Change Data Capture (CDC) is a data integration technique that captures row-level changes from operational databases in near-real-time by reading the database's transaction log (called the Write-Ahead Log, or WAL, in PostgreSQL; the binlog in MySQL). Instead of periodically querying the source database for changed records (slow, expensive, misses deletes), CDC monitors the WAL — the same log the database itself uses for crash recovery — and publishes each committed INSERT, UPDATE, or DELETE as a structured change event.
CDC is the key technology enabling the transition from batch ETL (where lakehouse data is hours or days old) to near-real-time lakehouse analytics (where data is seconds or minutes old). For business use cases requiring current operational data — inventory levels, real-time order status, live customer activity — CDC is the pipeline pattern that makes the lakehouse competitive with direct database queries for freshness.
CDC Architecture: Debezium → Kafka → Flink → Iceberg
The standard lakehouse CDC architecture has four components:
- Debezium: Connects to source databases (PostgreSQL, MySQL, etc.) as a logical replication client. Reads WAL entries and publishes change events (before/after row images plus change type: INSERT/UPDATE/DELETE) to Kafka topics in Debezium JSON or Avro format.
- Apache Kafka: The durable, scalable message queue that buffers change events between Debezium and downstream consumers. Provides fault tolerance and allows multiple consumers (Flink, other processors) to read the same events independently.
- Apache Flink: Reads Debezium events from Kafka using the flink-cdc-connectors library. Applies transformations (optional). Writes to Iceberg using the Flink Iceberg sink in UPSERT mode — INSERTs become new rows, UPDATE/DELETE become equality delete files.

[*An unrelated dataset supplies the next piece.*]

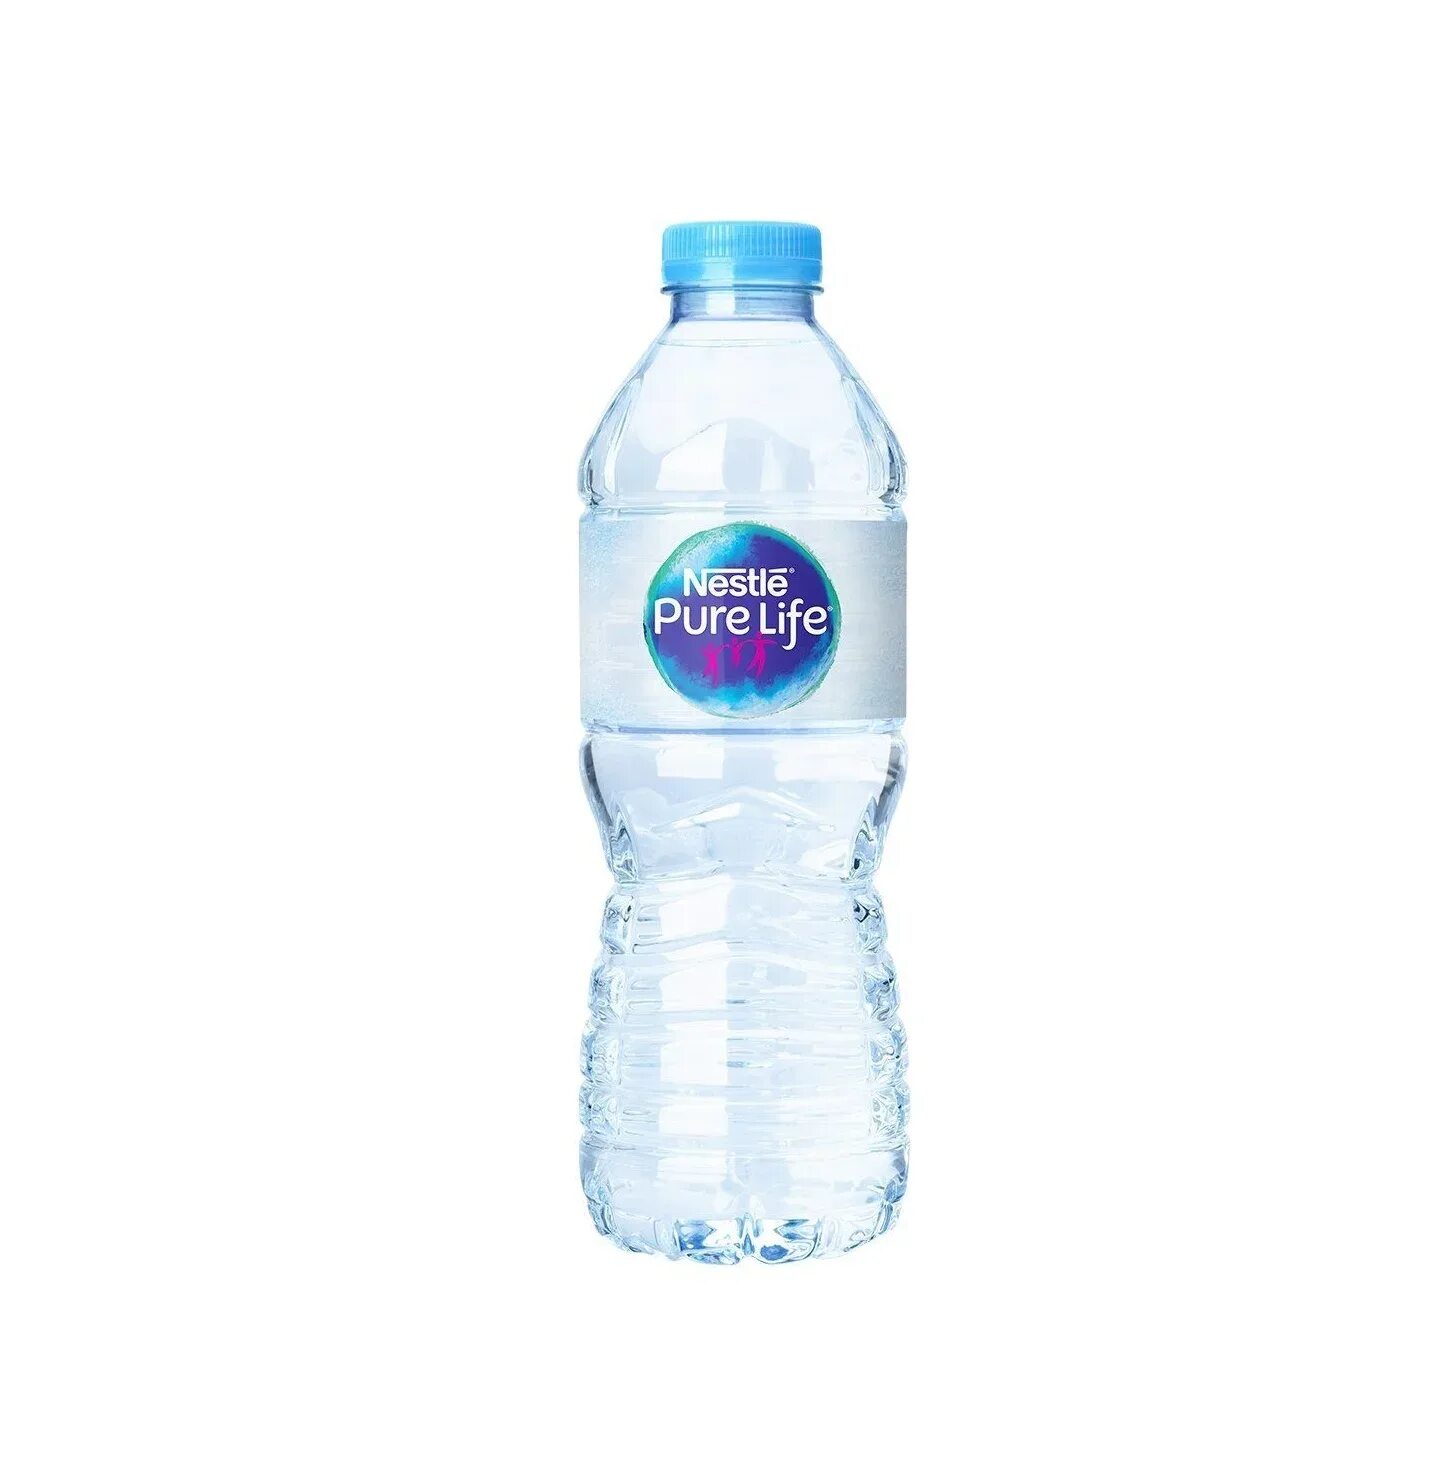 Воды жизни купить. Nestle Pure Life 0.5. Nestle вода. Минеральная вода Нестле. Бутылка воды 100 мл.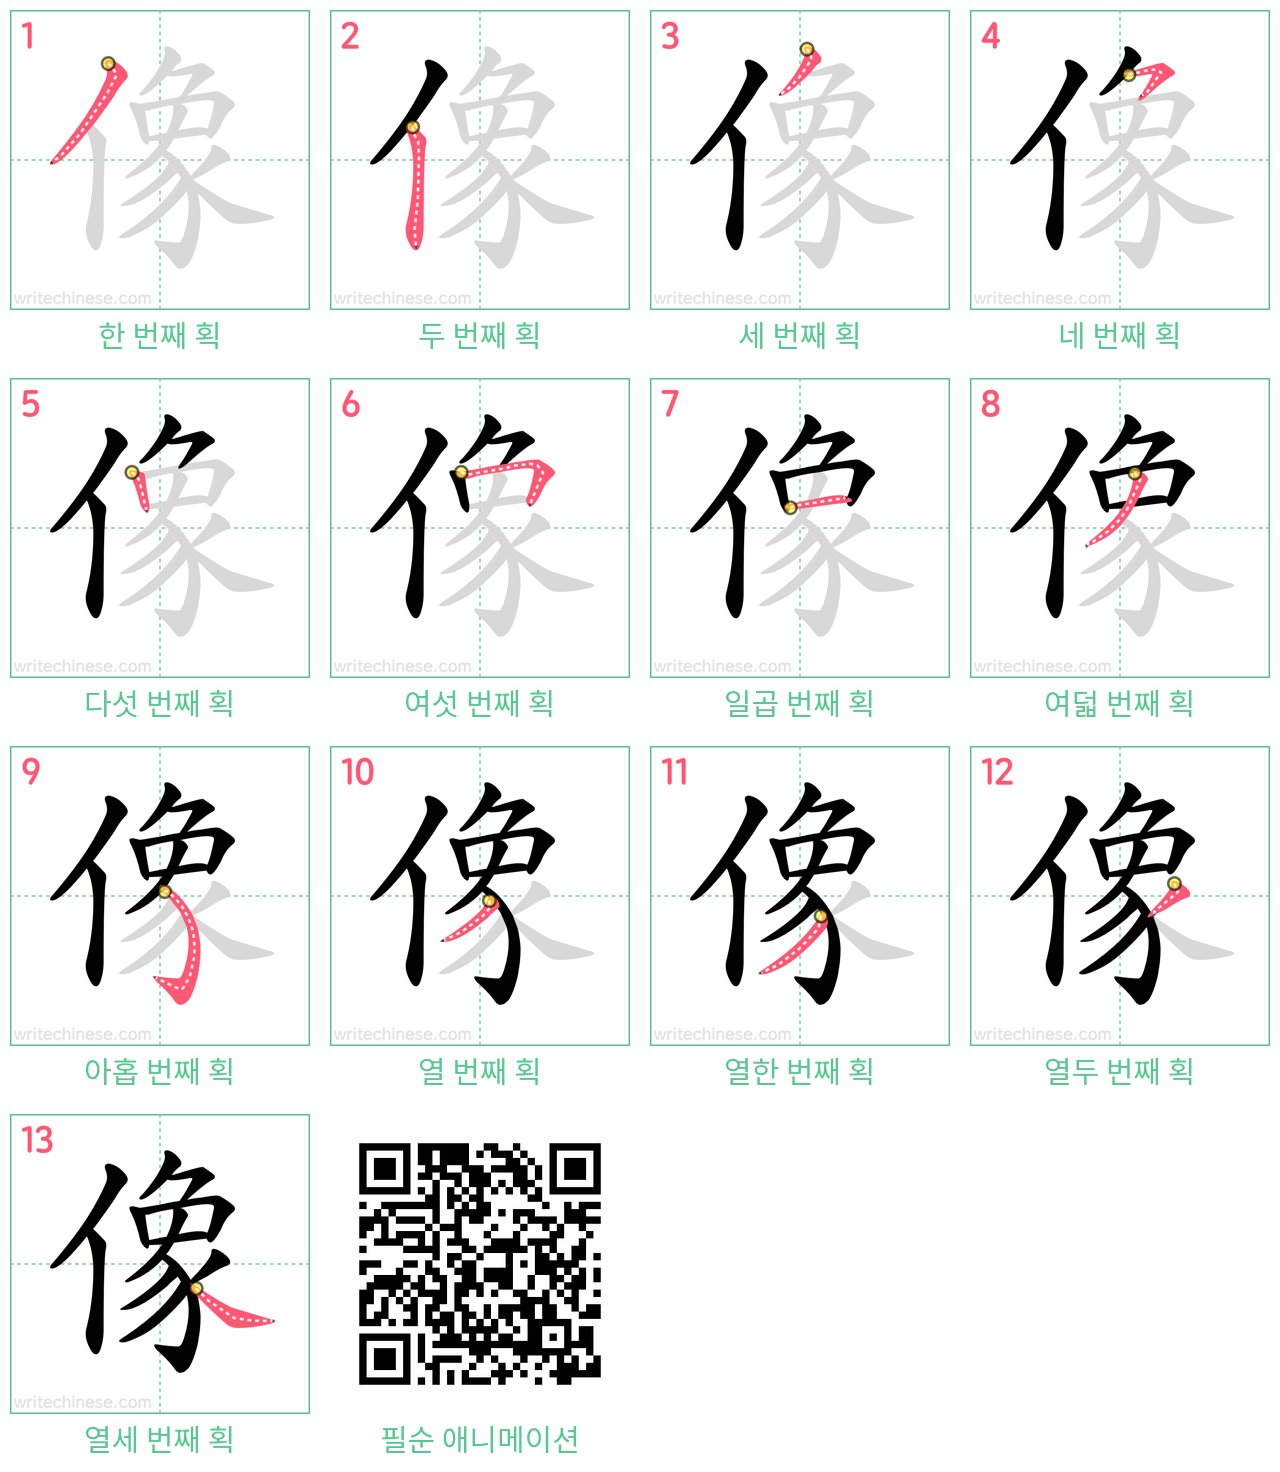 像 step-by-step stroke order diagrams

- Apache Iceberg: The destination Silver table maintains current-state records. V2 equality delete files record deleted/updated rows; compaction periodically merges these into CoW data files for read performance.

CDC and Iceberg V2 DML
CDC pipelines require Apache Iceberg V2 table format support for UPDATE and DELETE operations:
- Inserts: New records from CDC are appended as new data files using standard Iceberg append operations
- Updates: CDC updates generate an equality delete file (marking the old row as deleted by its primary key) plus a new data file (the updated row) — this is Merge-on-Read semantics
- Deletes: CDC deletes generate equality delete files marking the deleted row's primary key
The accumulation of equality delete files over time requires periodic compaction to merge them into CoW data files for read performance. Without compaction, queries on heavily updated Silver tables must read many delete files to determine current row state.

Summary
Change Data Capture is the data integration technology that makes the data lakehouse competitive with operational databases for data freshness. The Debezium → Kafka → Flink → Iceberg pipeline delivers near-real-time data from operational source databases into governed, analytically optimized Silver Iceberg tables — without the latency of batch ETL windows or the performance impact of direct database queries. Combined with compaction for read performance and Dremio's query engine for BI analytics, CDC-fed Iceberg tables close the gap between operational and analytical data to seconds.